One exact copy of the listing is needed. It should contain no pictures.

» **Raw data**

= = = = =

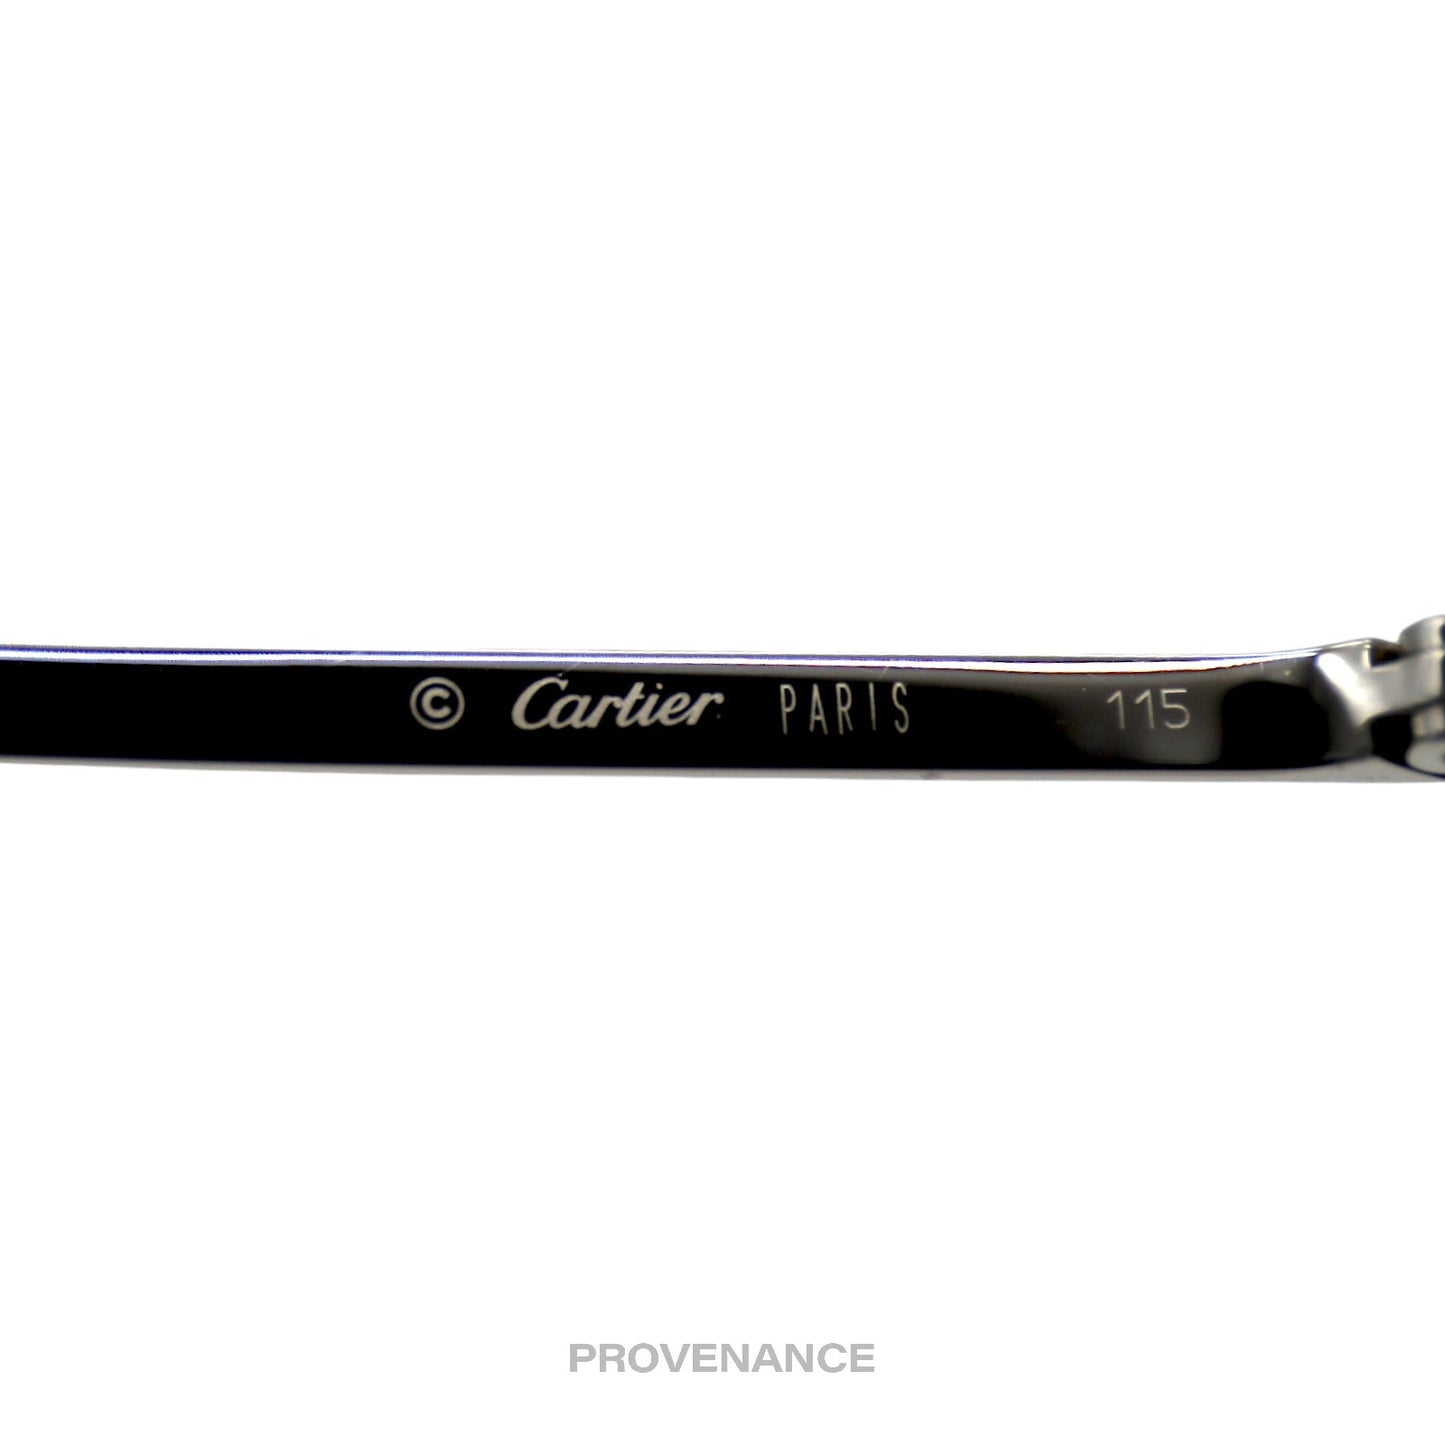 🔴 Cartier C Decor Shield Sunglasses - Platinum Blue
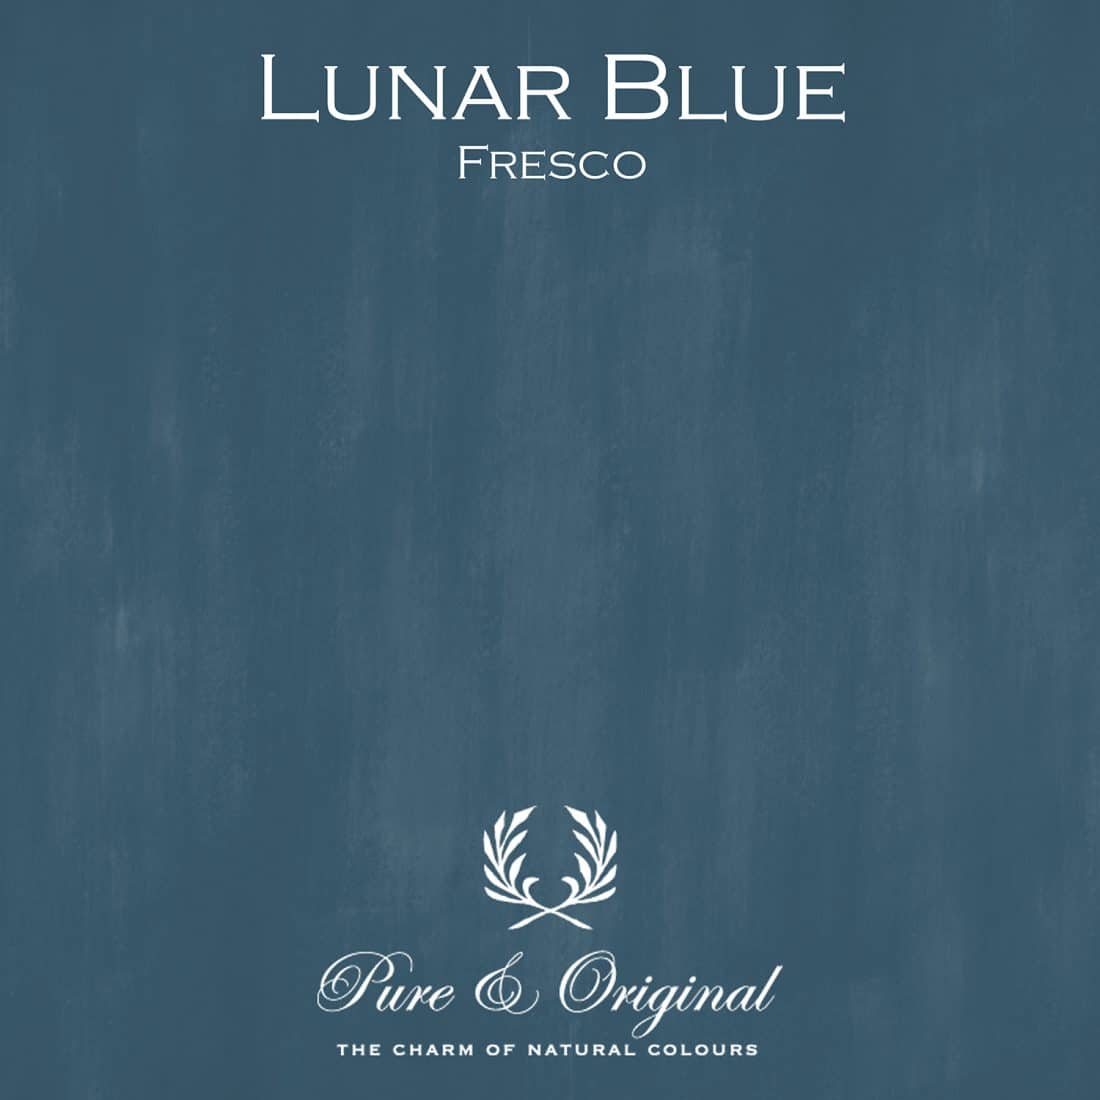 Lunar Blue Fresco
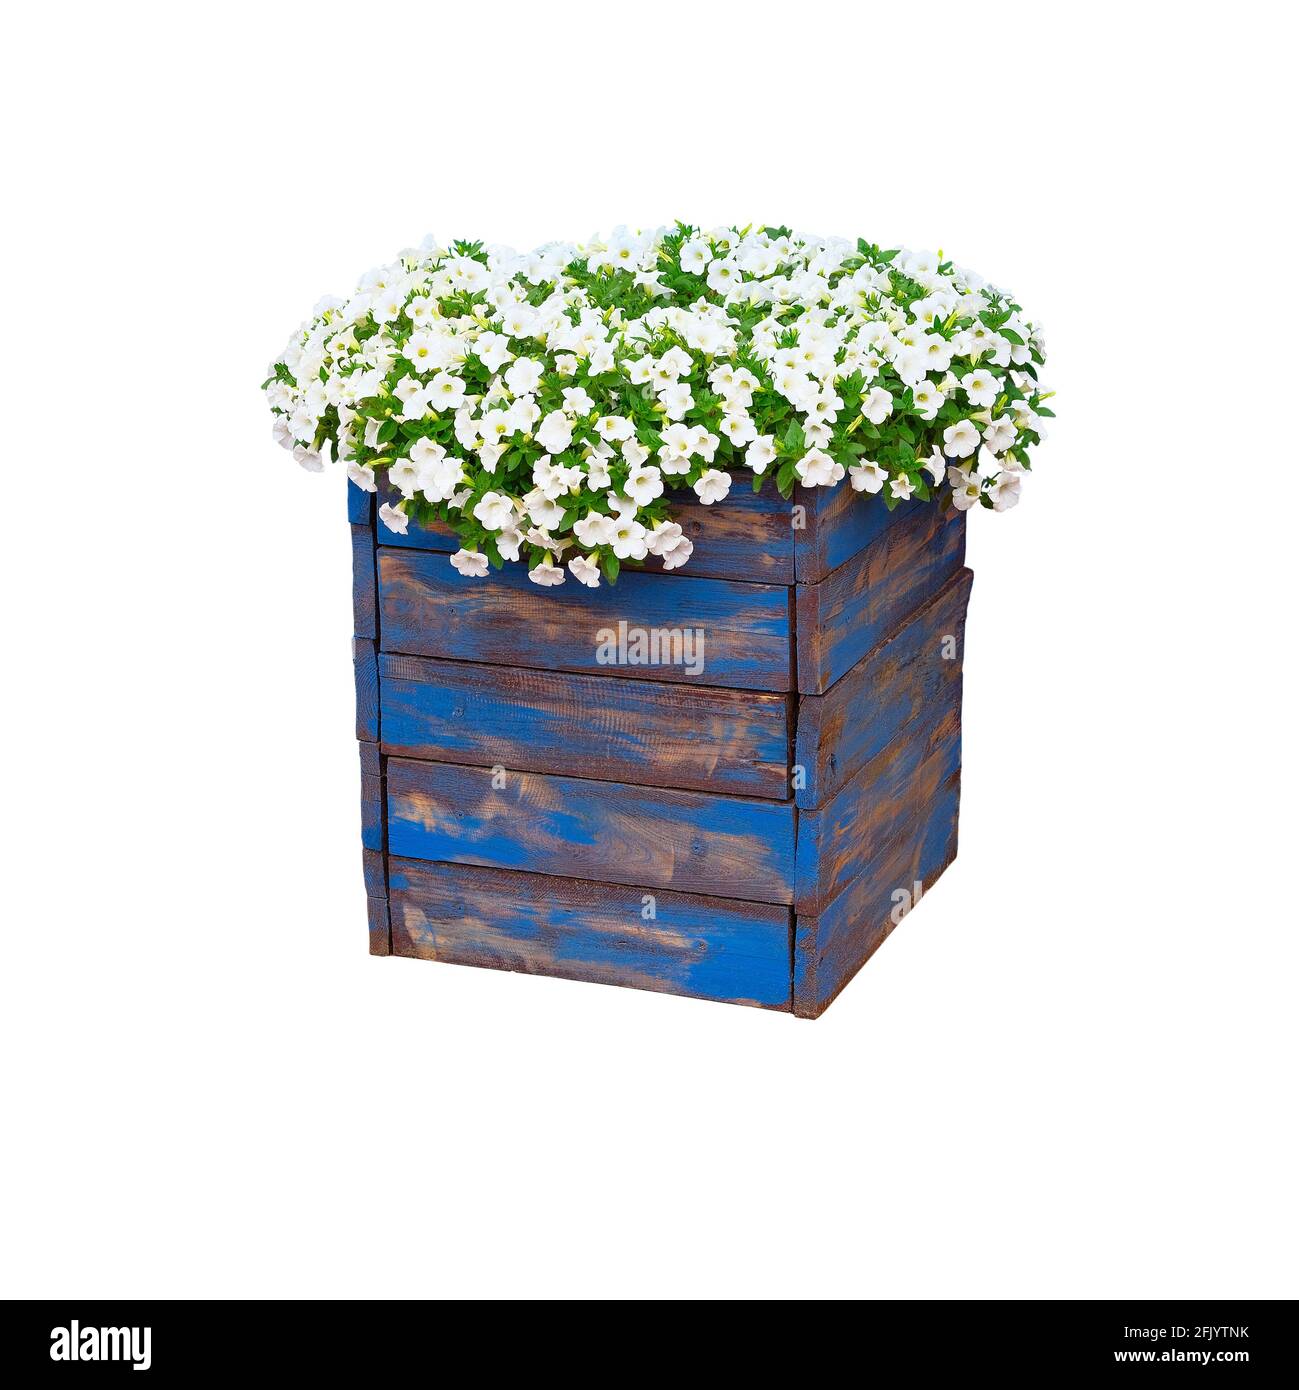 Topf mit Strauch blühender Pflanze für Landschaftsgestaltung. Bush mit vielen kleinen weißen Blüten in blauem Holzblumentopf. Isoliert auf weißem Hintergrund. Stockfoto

= = = = =

» **Exercise solution**
 🔴 Cartier C Decor Shield Sunglasses - Platinum Blue
 Lunar Blue Fresco
 Topf mit Strauch blühender Pflanze für Landschaftsgestaltung. Bush mit vielen kleinen weißen Blüten in blauem Holzblumentopf. Isoliert auf weißem Hintergrund. Stockfoto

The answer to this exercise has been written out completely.